Dos gorgojos salieron de los trozos de galleta.
—¿Ves esos gorgojos, Stephen? —preguntó Jack muy serio.
—Sí.
—¿Cuál de los dos escogerías?
—No hay ni la más mínima diferencia entre ellos.
Arcades ambo
. Son de la misma especie, así que no hay motivo para elegir uno.
—Pero supongamos que tienes que escoger uno.
—Pues escogería el de la derecha porque parece más ancho y más largo.
—Te has equivocado —dijo Jack—. Has cometido un grave error. ¿No sabes que en la Armada tienes que escoger siempre el gorgojo más pequeño? ¡Ja, ja, ja!
* * *
—Me agrada tu amigo —dijo Stephen al reunirse de nuevo con Jack después de una rápida visita a la bodega de proa, donde había encontrado a todos los tripulantes del
Leopard
sentados entre los especímenes perfectamente colocados y conversando amigablemente.

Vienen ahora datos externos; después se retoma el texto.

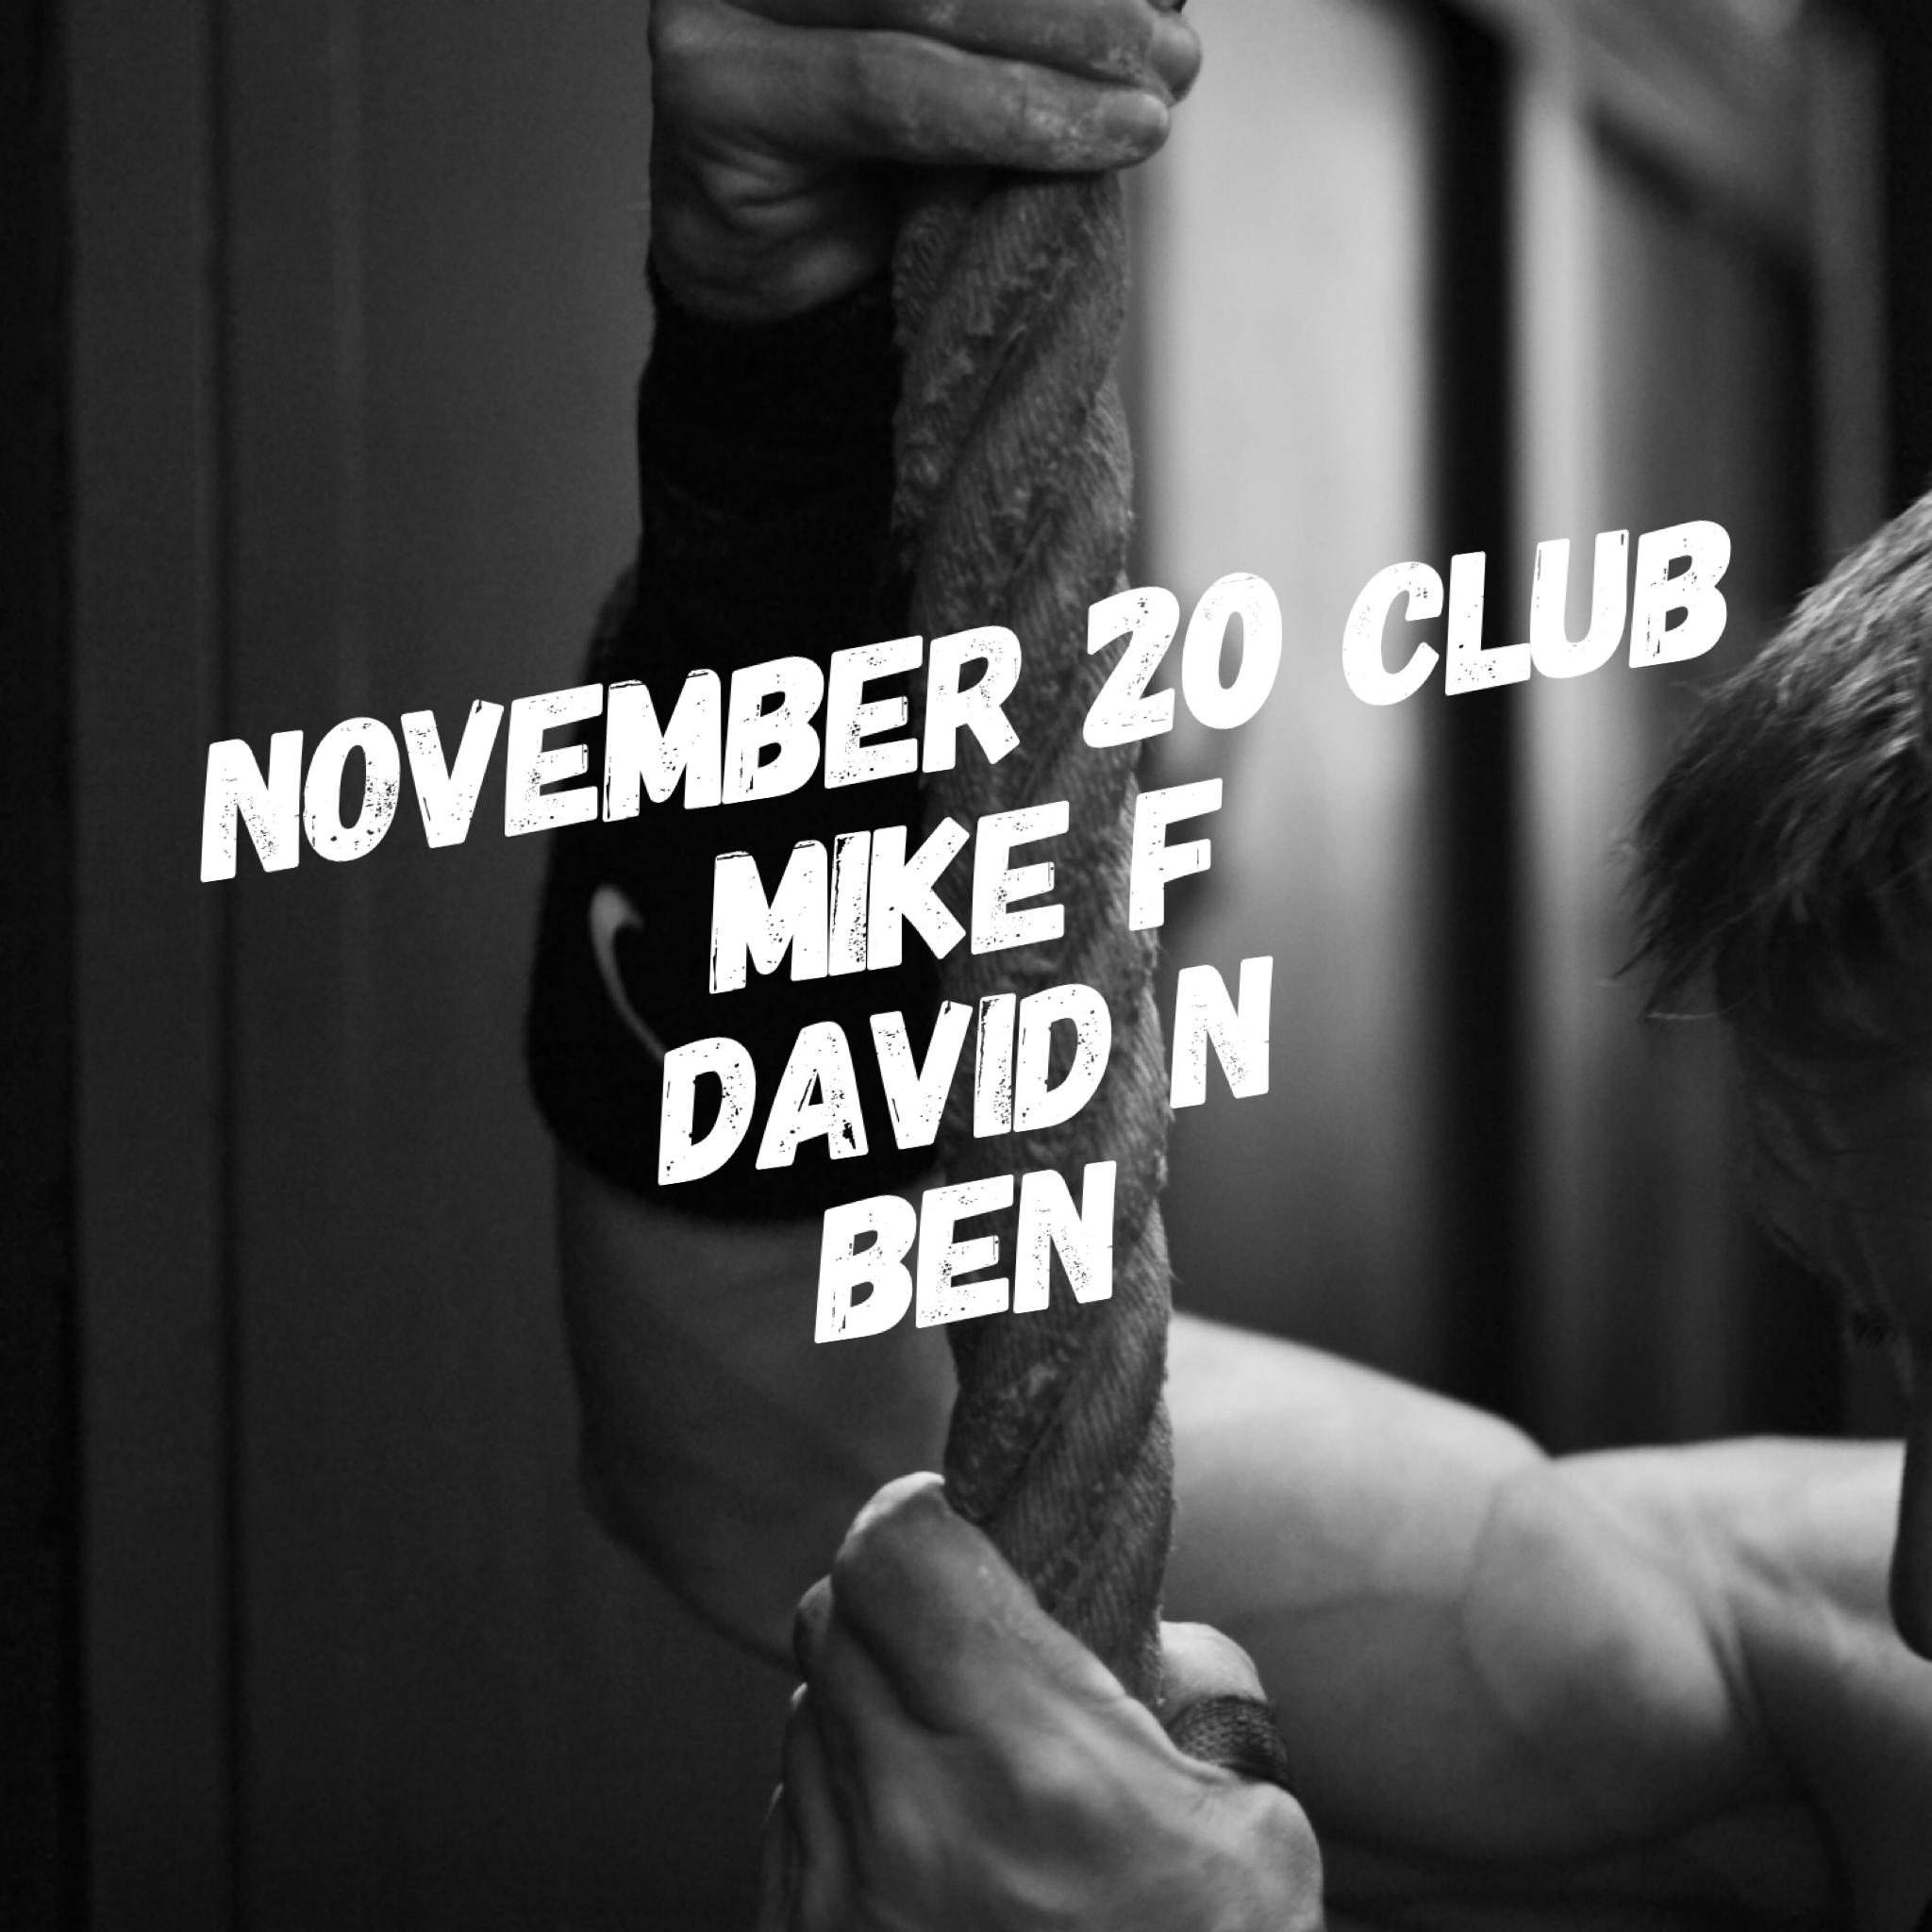 November 20 Club

—Estaba seguro de que te agradaría. No hay en toda la Armada un hombre más bondadoso que Charles Yorke. Fue a visitar a Sophie cuando iba a embarcarse, ¿sabes?, a pesar de que tenía que desviarse bastante de su camino y tenía mucha prisa porque debía llevar despachos urgentes, con el único propósito de darme noticias de ella en caso de que hubiera sobrevivido, lo cual era una remota posibilidad. ¡Pero ella sabía que estábamos a salvo! ¿No te asombra eso, Stephen?
—Sí, pero sabía que habías recibido una agradable noticia, pues estabas muy animado, hablabas por los codos y te reíste mucho de un par de frases con poca gracia. Dime, ¿cómo lo supo?
Jack vaciló y, después de unos momentos, con un tono muy extraño, totalmente distinto al que había usado antes, dijo:
—Diana se lo dijo.
—¿Diana Villiers?
—Sí. Espero no haberte lastimado, Stephen, pero pensé que era mejor ser franco.
—¡Oh, no, amigo mío! Me alegro de saberlo y de tener noticias suyas. ¿Puedes darme más detalles?
—Bueno, parece que esa tal señora Wogan que se escapó de Desolación con Herapath conocía a Diana y cuando regresó a Estados Unidos le contó sus aventuras y le habló de nosotros y del choque con la montaña de hielo, la partida de los botes, el desembarco en Desolación, la llegada del ballenero, las condiciones en que se encontraba el barco y otras cosas. Como Diana se imaginaba cuál era la situación en casa porque hacía tiempo que no había noticias de nosotros, se sentó a escribirle a Sophie sin perder un minuto y le dijo en la carta que todo iba bien. Su acción me parece laudable, teniendo en cuenta todo lo que ha pasado. Y Sophie piensa lo mismo y jura que no volverá a decir nada desagradable de ella… Quiero decir que también Sophie considera que su acción es laudable…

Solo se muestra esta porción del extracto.